Redaction
Redaction
CommercialIn EventStoreDB, events are immutable and cannot be changed after they are written. Usually, when you have an event with data that needs to be deleted you should take the following steps:
- Rewrite the stream to a new stream without the data to be removed.
- Delete the old stream.
- Run a scavenge to remove the data from disk on each node in turn.
If this procedure is impractical for your use case, then you can use the redaction tool (the "redactor") to blank out the data of specific events.
Warning
Use the redactor as a last resort and only if you know what you're doing. Redacting events may lead to unintended consequences in your subscriptions and projections!
Prerequisites
Using redaction has the following prerequisites:
- A commercial license.
- EventStoreDB version 23.6.0 or above. If running on Windows, Windows Server 2019 or above is required.
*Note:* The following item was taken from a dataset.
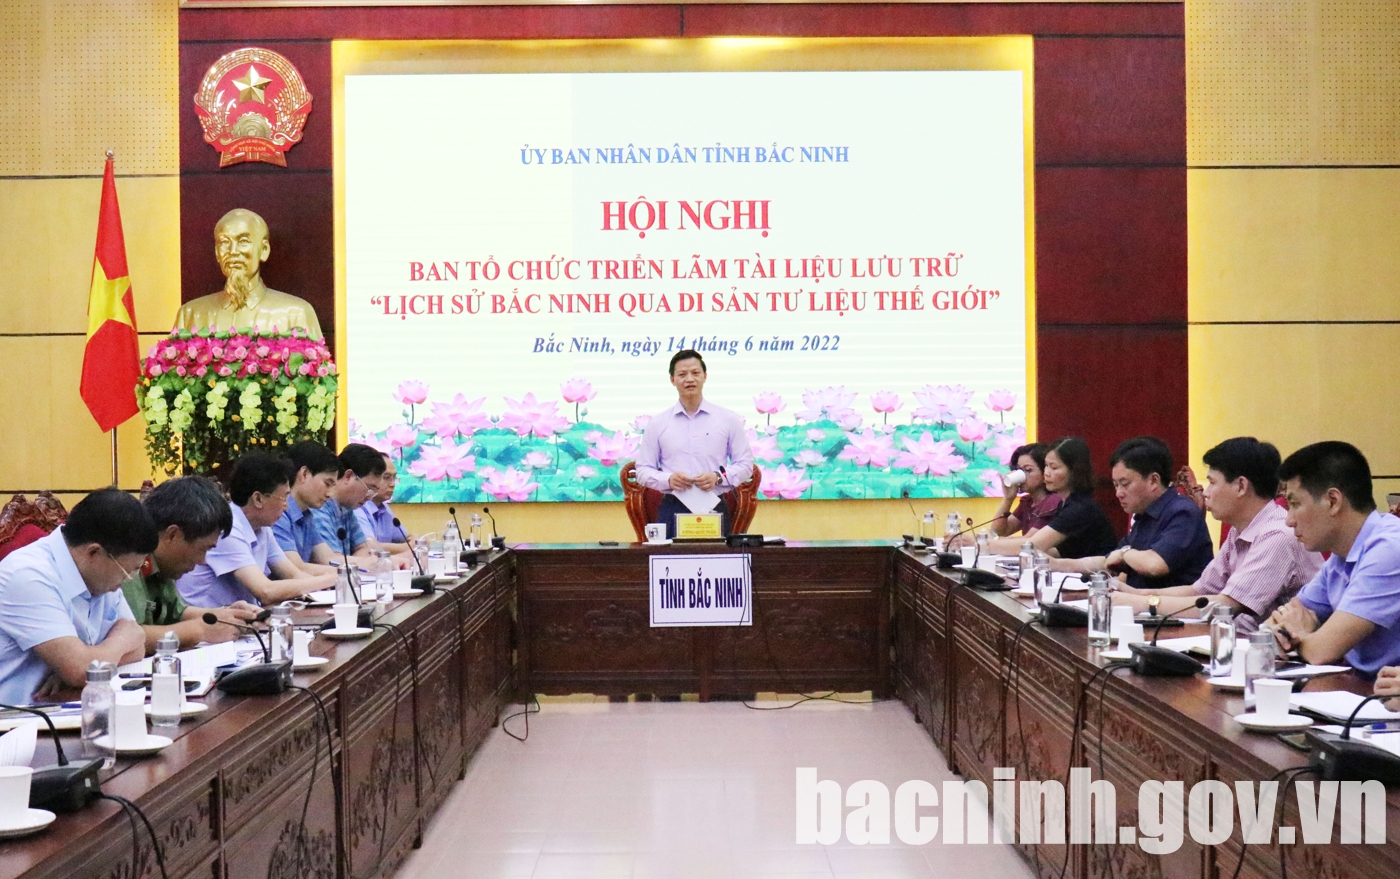 Hội nghị Ban Tổ chức triển lãm tài liệu lưu trữ “Lịch sử Bắc Ninh qua di sản tư liệu thế giới”

- Server configuration option:
EnableUnixSocket: True
. - The redactor tool (see steps below on how to get it).
Getting the redactor
Redaction requires a commercial license. Due to its sensitive nature, the tool is available only upon request. Please contact us here if you do not have commercial support, or reach out to our support team if you do.
Running the redactor
The binary needs to be extracted and run locally on an EventStoreDB node. Similar to scavenging, redaction affects only the node where it's running. Thus, it must be run once on each node of the cluster.
The redactor takes two mandatory parameters as input:
Parameter | Description |
---|---|
--db | The path to the database directory containing the chunk files. |
--events | A comma-separated list of events to be redacted in the format: eventNumber@streamName |
Specify --help
to see the full list of options.
The redactor will blank out the data section of the specified events with one bits (0xFF bytes) keeping the data size exactly the same as it was before. It will also set a flag (IsRedacted
) on the event's record to indicate that the event has been redacted. All other properties of the event such as the event type, event metadata, and timestamp will remain unchanged.
If you read the data of a redacted event from an external client, you should see data composed of only 0xFF bytes. The UI will also label redacted events.
Tips
The redactor is not an offline tool. The EventStoreDB server must be running, as the redactor needs to communicate with it to obtain information about the events to be redacted and replace the chunk files with the redacted ones.
How the redactor works
The redactor follows these steps:
It establishes a connection to the database via a unix domain socket located in the database directory.
It then fetches information about the events to be redacted from the server via an RPC call. This information includes the chunk file the event is in and the event's position in the chunk.
A list is built of chunk files containing events to be redacted.
For each chunk in the list:
- It is copied to a file with a .tmp extension in the database directory.
- The requested event(s) are redacted in the .tmp chunk file.
- The .tmp chunk is atomically switched into the database via an RPC call on the server.